The latest trend A key tool in web performance measurement is the drive to implement the use of Real User Measurement (RUM) in a web performance measurement strategy. As someone who cut their teeth on synthetic measurements using distributed robots and repeatable scripts, it took me a long time to see the light of RUM, but I am now a complete convert – I understand that the richness and completeness of RUM provides data that I was blocked from seeing with synthetic data.
[UPDATE: I work for Akamai focusing on the mPulse RUM tool.]
The key for organizations is realizing that RUM is complementary to Synthetic Measurements. The two work together when identifying and solving tricky external web performance issues that can be missed by using a single measurement perspective.
The best way to adopt RUM is to use the dimensions already in place to segment and analyze visitors in traditional web analytics tools.
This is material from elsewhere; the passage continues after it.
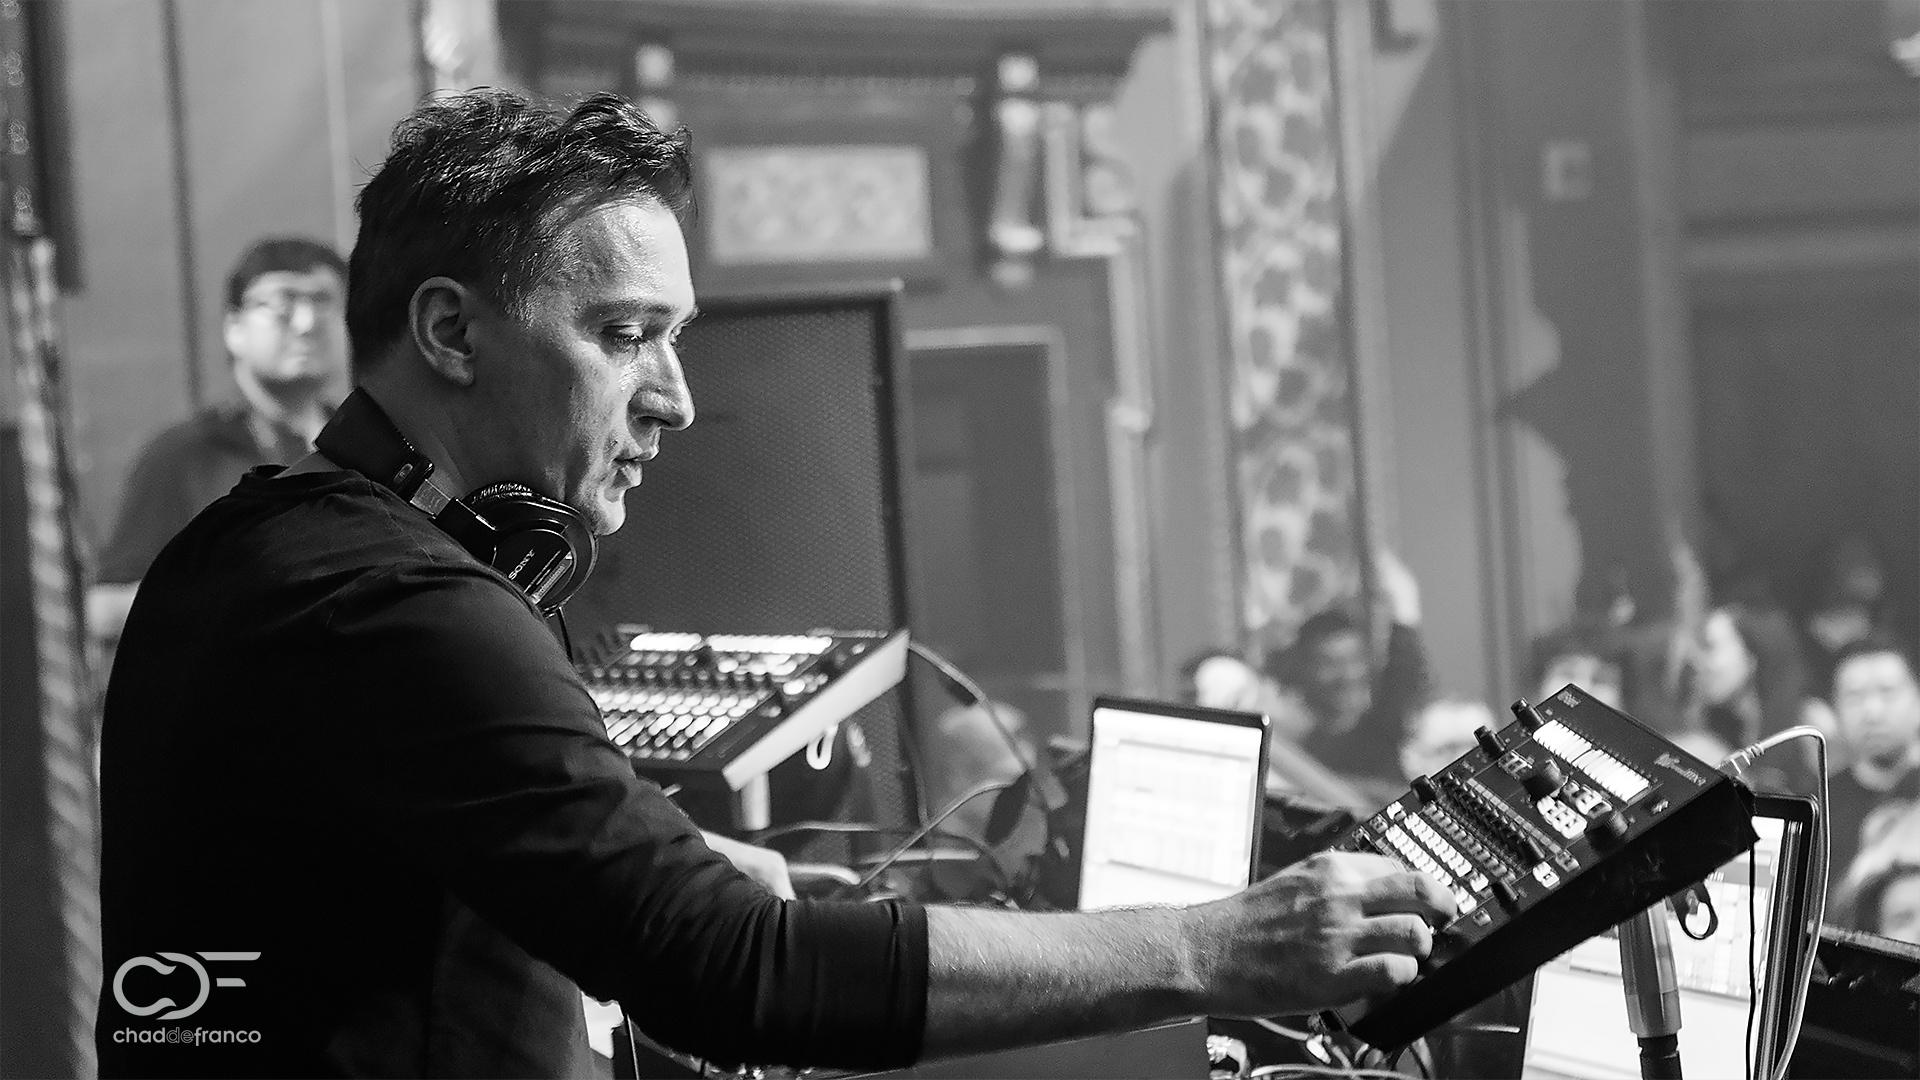 Paul van Dyk mixing live at Opera Nightclub

The time and effort used in this effort can inform RUM configuration by determining:
- Unique customer populations – registered users, loyalty program levels, etc
- Browser and Device
- Pages and site categories visited
This information needs to bleed through so that it can be linked directly to the components of the infrastructure and codebase that were used when the customer made their visit. Limiting this data pool to the identification and solving of infrastructure, application, and operations issues isolates the information from a potentially huge population of hungry RUM consumers – the business side of any organization.
The Business users who fed their web analytics data into the setup of RUM need to see the benefit of their efforts. Sharing RUM with the teams that use web analytics and aligning the two strategies, companies can directly tie detailed performance data to existing customer analytics. With this combination, they can begin to truly understand the effects of A/B testing, marketing campaigns, and performance changes on business success and health. But business users need a different language to understand the data that web performance professionals consume so naturally.
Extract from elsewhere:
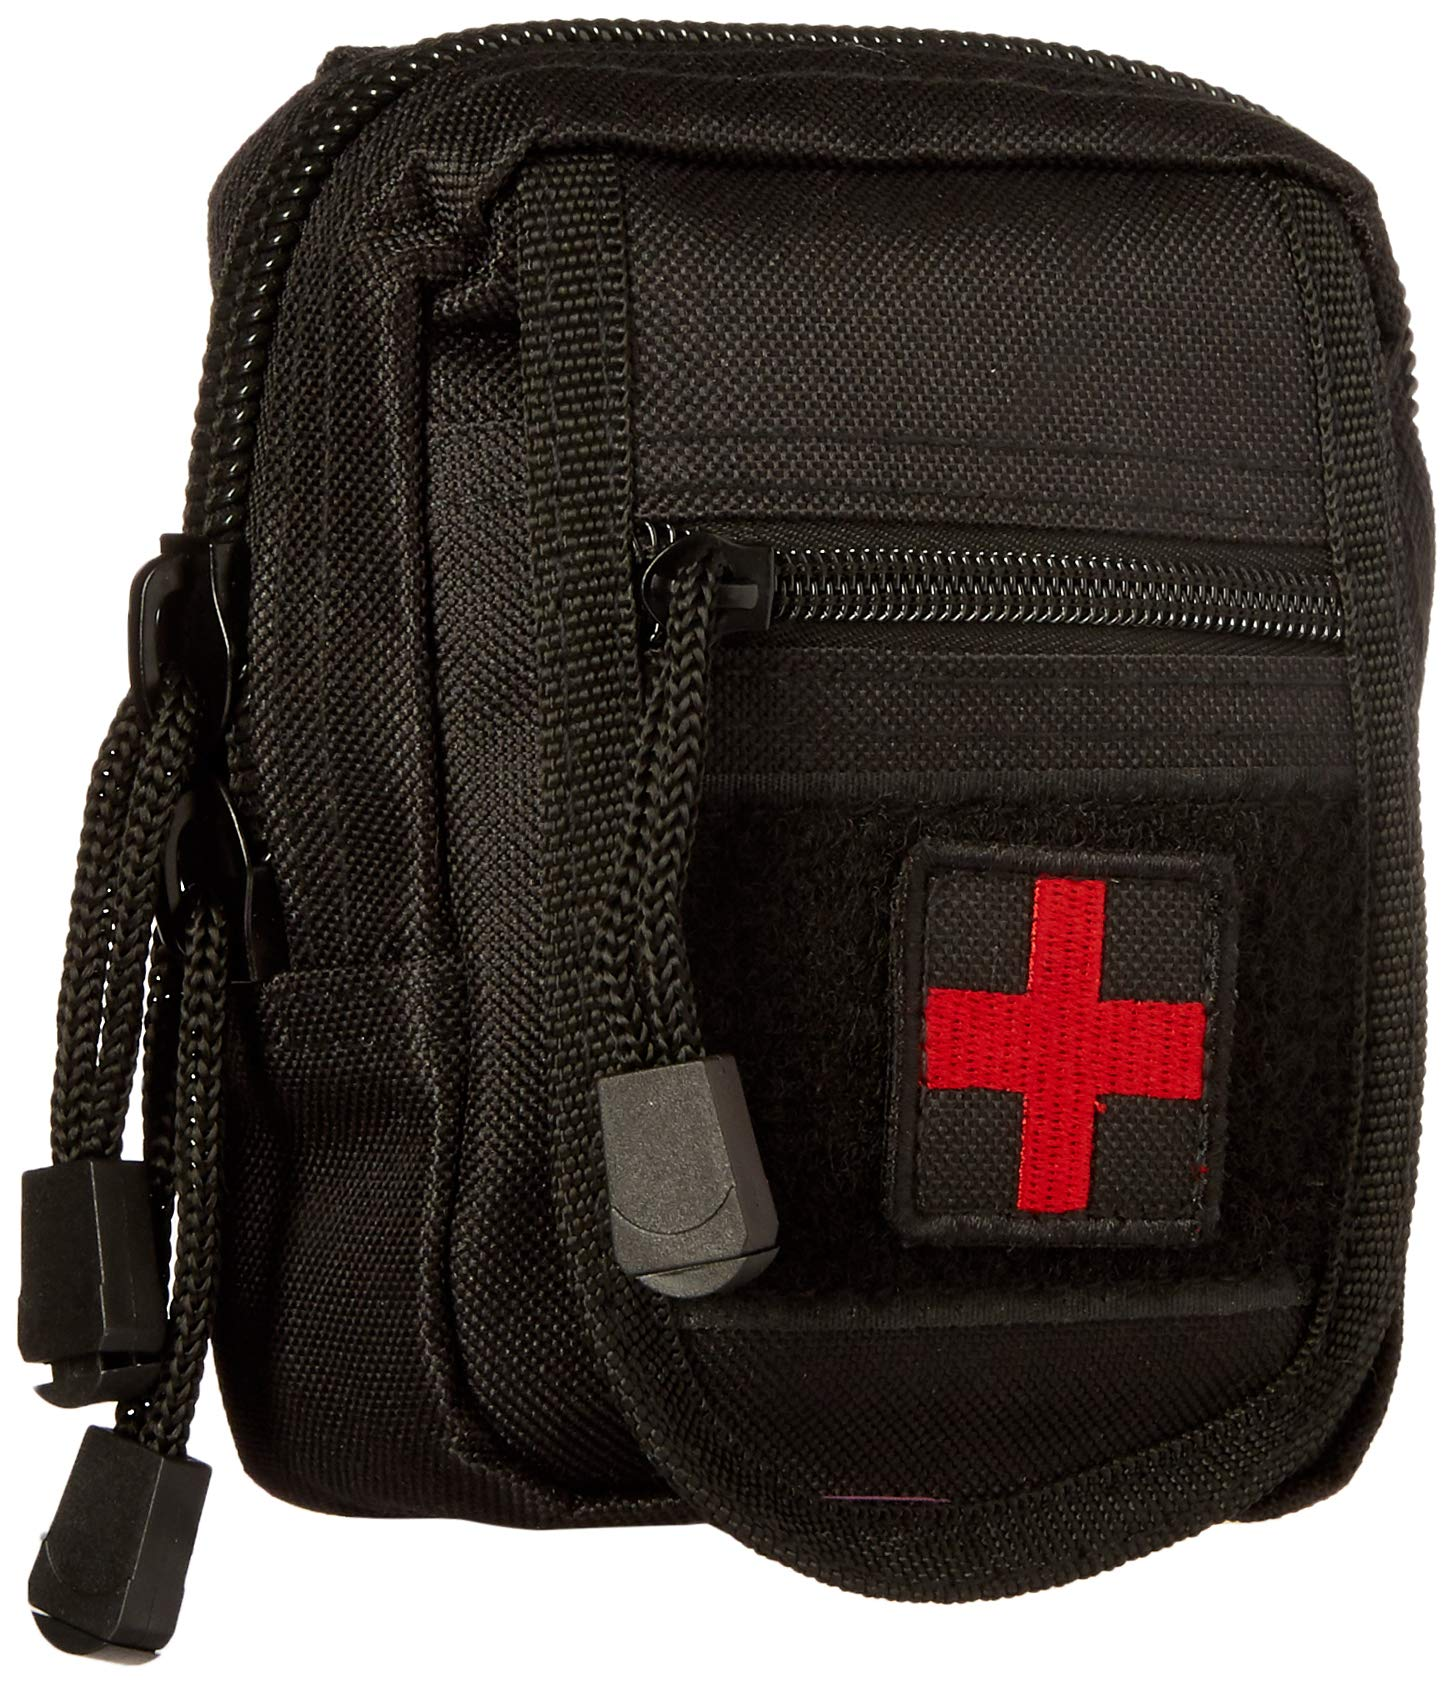 NcStar Compact Trauma Kit 1 Black

I don’t know what the language is, but developing it means taking the data into business teams and seeing how it works for them. What companies will find is that the data used by one group won’t be the same as for the other, but there will be enough shared characteristics to allow the group to share a dialect of performance when speaking to each other.
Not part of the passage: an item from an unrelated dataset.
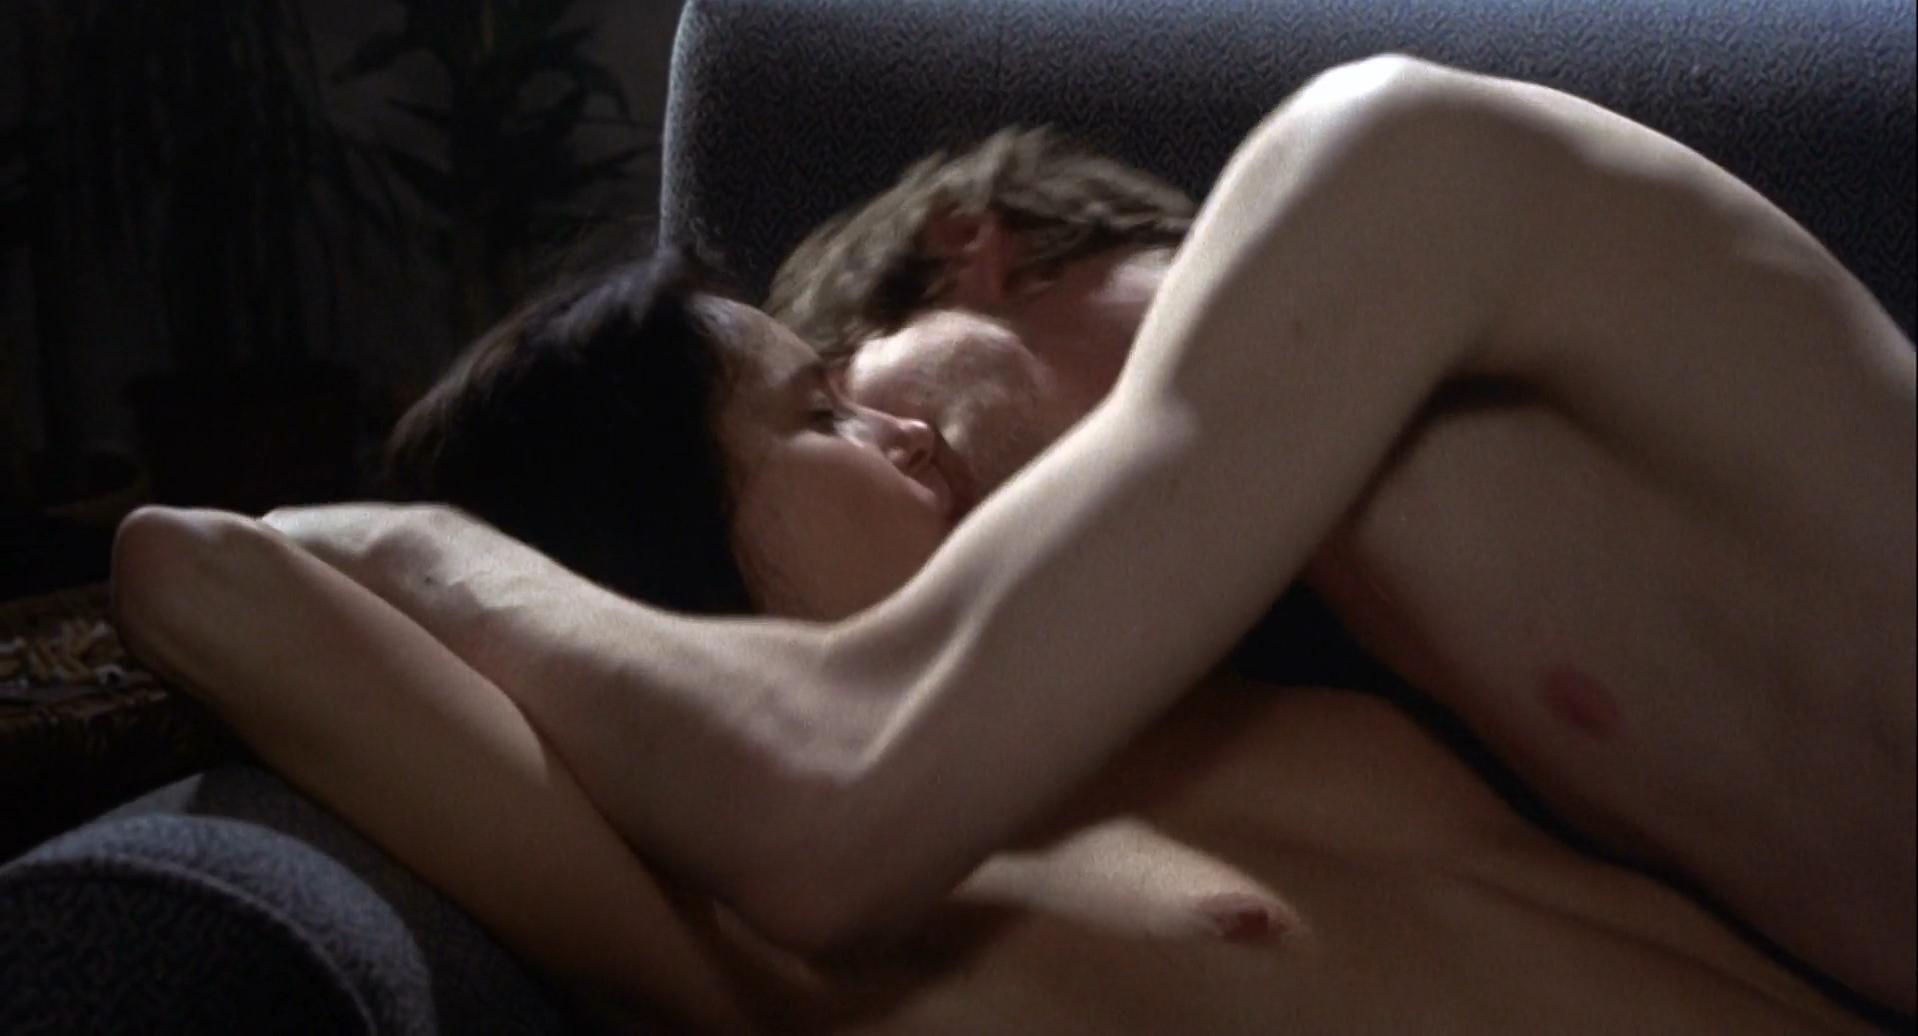 Katrin Cartlidge nude, Deborah MacLaren nude - Naked (1993)

This new audience presents the challenge of clearly presenting the data in a form that is easily consumed by business teams alongside existing analytics data. Providing yet another tool or interface will not drive adoption. Adoption will be driven be attaching RUM to the multi-billion dollar analytics industry so that the value of these critical metrics is easily understood by and made actionable to the business side of any organization.
So, as the proponents of RUM in web performance, the question we need to ask is not “Should we do this?”, but rather “Why aren’t we doing this already?”.